Baumgartlinger: Ja, so ist es. Im antiken Rom gab es die Gladiatorenkämpfe, sie dienten der Ablenkung. Heutzutage ist das nicht anders. Fußball ist Zerstreuung, die Leute vergessen für 90 Minuten ihre Angst, ihren Alltag, ihre wirtschaftliche Situation. In Zeiten, wo die Schwarzmaler Hochkonjunktur haben, ist die Suche nach Siegern, nach Helden eben groß. Und die gibt es auch im Sport.

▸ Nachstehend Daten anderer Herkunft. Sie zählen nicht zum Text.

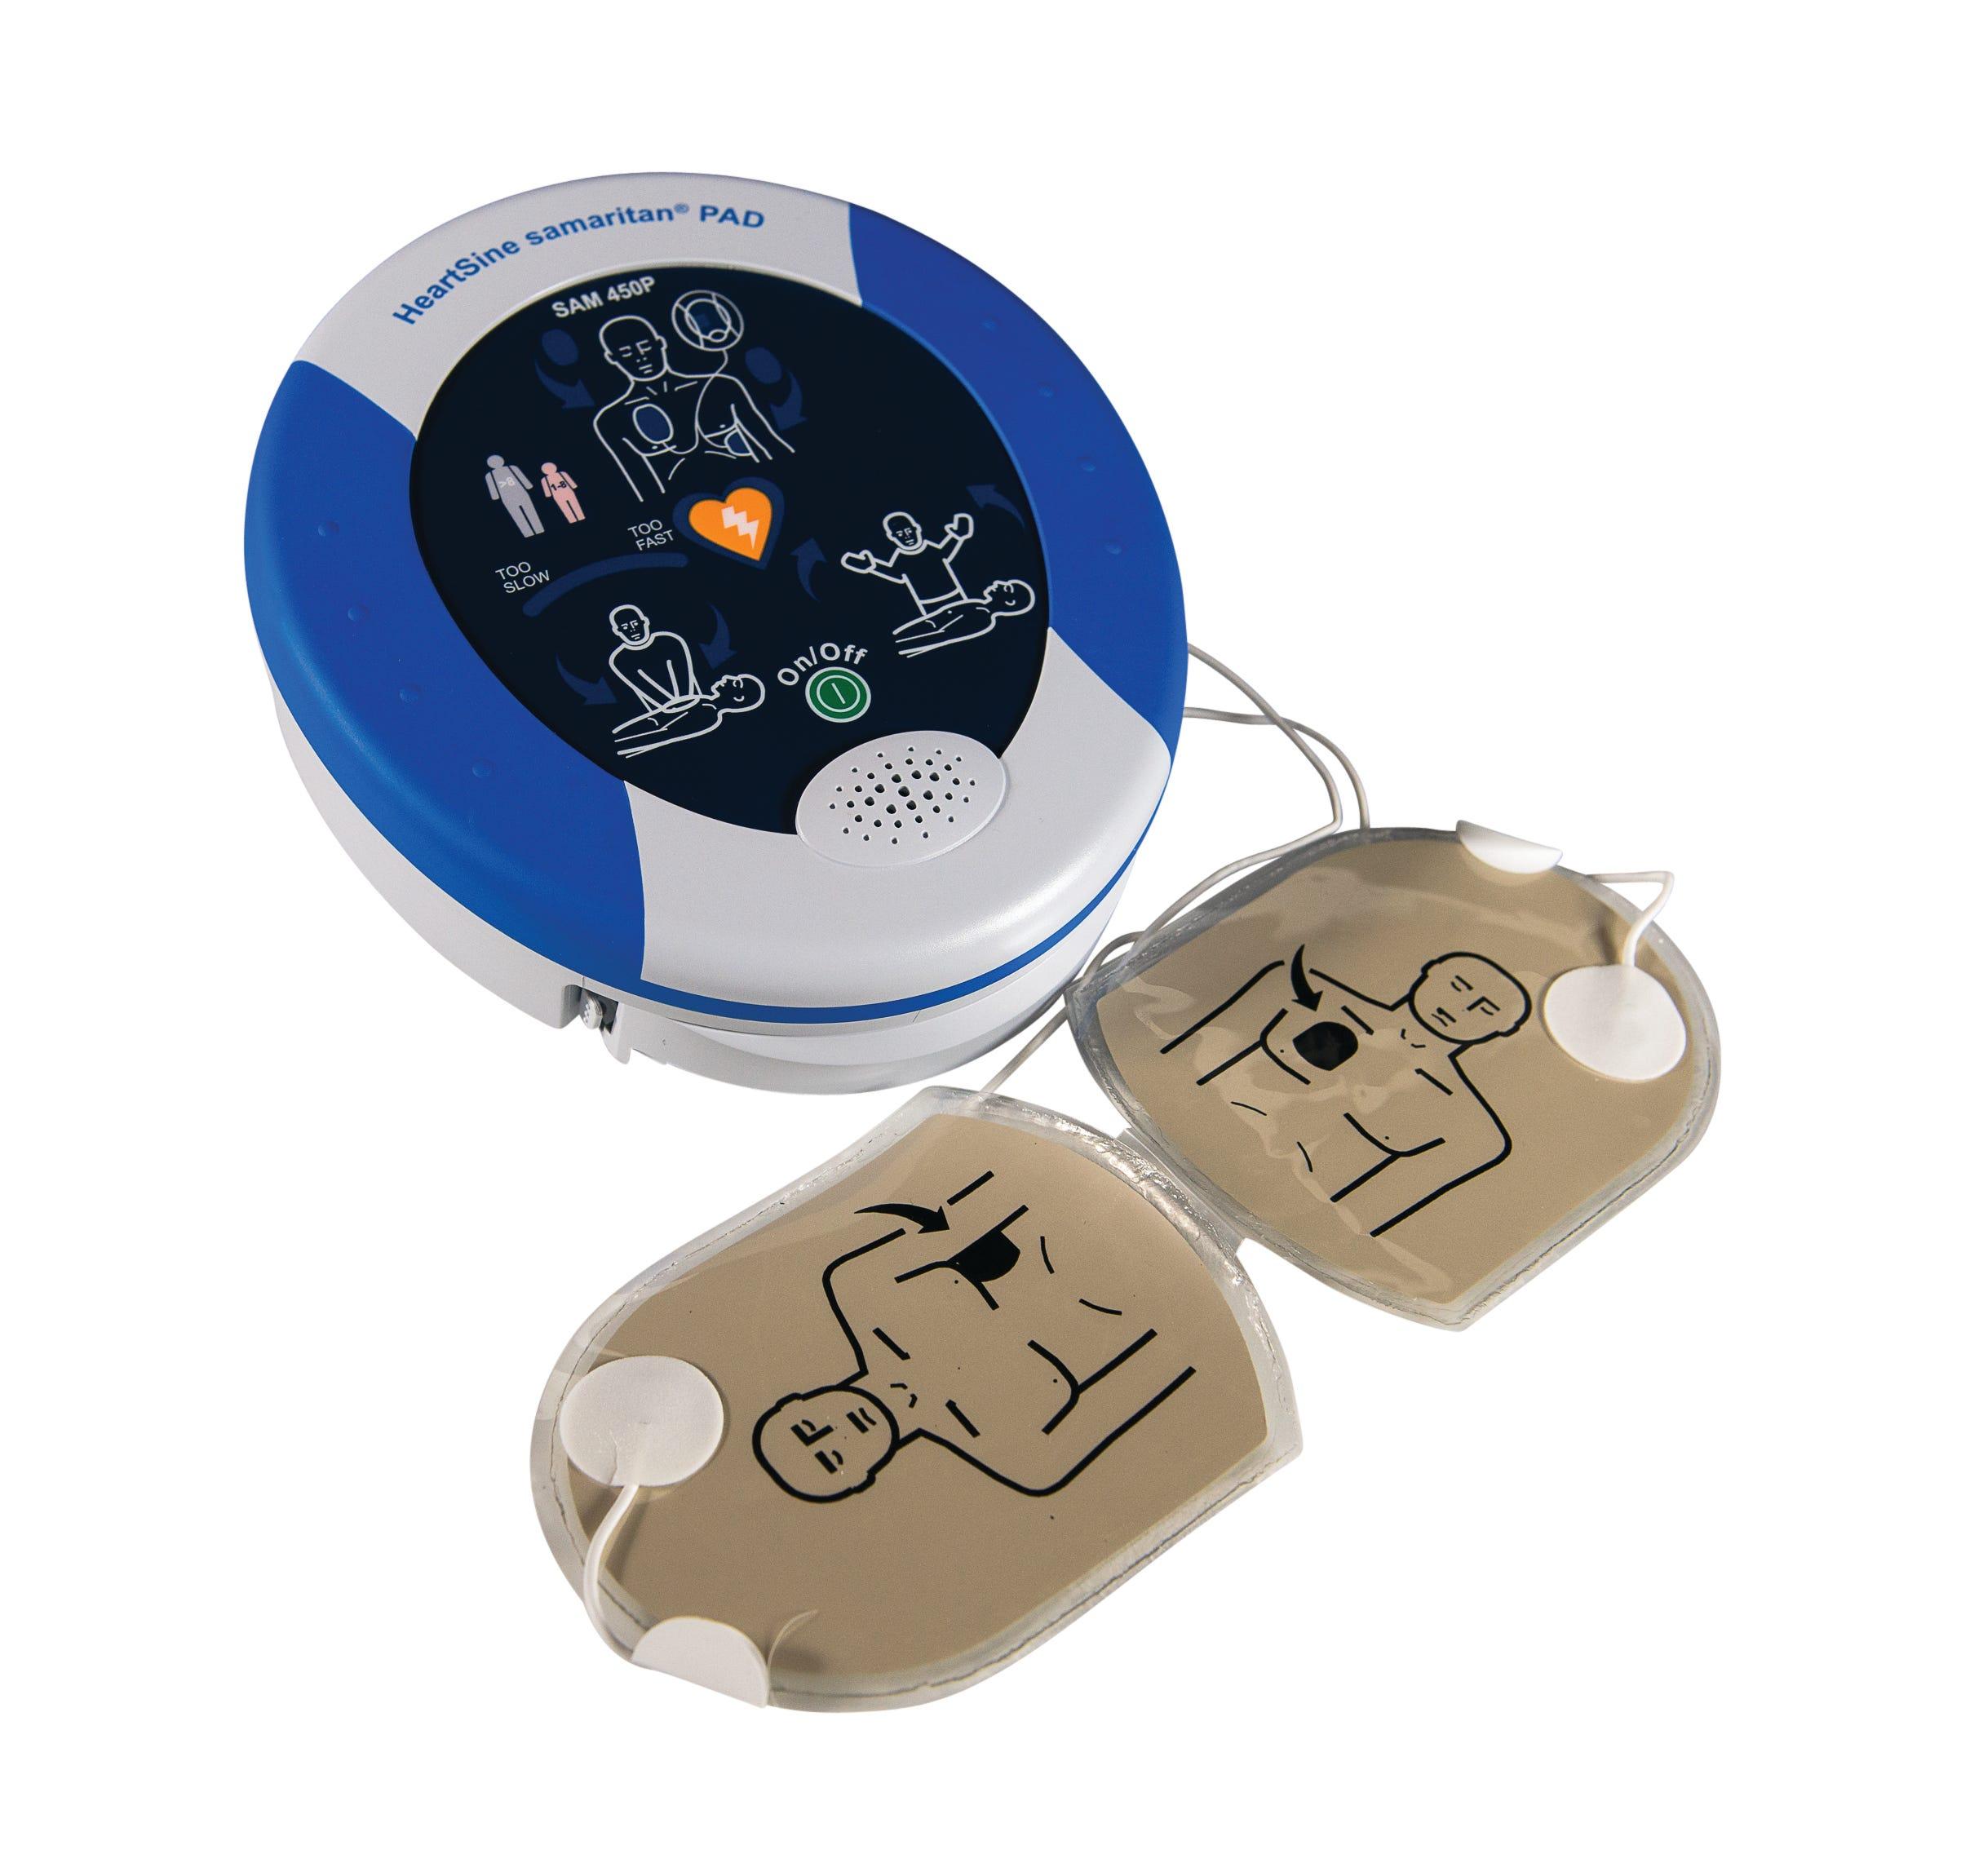 Heartsine Samaritan Pads and Batteries

STANDARD: Nach dem Terroranschlag in Berlin wurden vor den Spielen der deutschen Bundesliga in den Stadien Schweigeminuten abgehalten, es waren berührende Szenen. Mit Anpfiff herrschte dann überall business as usual. Merkwürdig, oder?

Baumgartlinger: Ja, aber alternativlos. Schweigeminuten sind, weil sie natürlich zuletzt häufiger stattfanden, leider dadurch ein wenig Mainstream geworden. Dennoch wollen wir Zeichen setzen, Stellung nehmen, Farbe bekennen. Man ist fassungslos, Terror passiert auf der ganzen Welt. Kommt er näher, berührt er die Leute umso mehr. Erst Paris und Nizza, nun Berlin. Die Gefahr ist hier und jetzt. Der Fußball hat eine enorme Reichweite, er kann Probleme nicht lösen, aber er kann positive Signale aussenden, Zeichen setzen. Und Solidarität zu zeigen, das ist vielleicht das Einzige, was wir tun können.

STANDARD: Leben Profifußballer in einem Paralleluniversum?

Baumgartlinger: Nein. Wir sind extrem nah dran, bei der EM sind wir auf Schritt und Tritt bewacht worden. Man lebt mittendrin in dieser Gefahr. Aber du musst dich davon befreien, sonst kannst du nicht mehr normal Fußball spielen, nicht gesund leben.

STANDARD: Fußball ist Teil der Unterhaltungsbranche. Udo Jürgens sagte einmal, Unterhaltung habe etwas mit Haltung zu tun. Sollen Fußballer Stellung beziehen?

Baumgartlinger: Dem großen Udo Jürgens widerspricht man nicht, er hat auf jeden Fall recht. Wir haben eine Vorbildfunktion, eine Verantwortung, der es gerecht zu werden gilt. In der heutigen Zeit ist es allerdings schwierig geworden, Stellung zu beziehen, die Meinung kundzutun. Alles wird polarisiert und zerpflückt, speziell in den sozialen Medien. Ein schmaler Grat. Und dennoch: Ja, Udo hat recht!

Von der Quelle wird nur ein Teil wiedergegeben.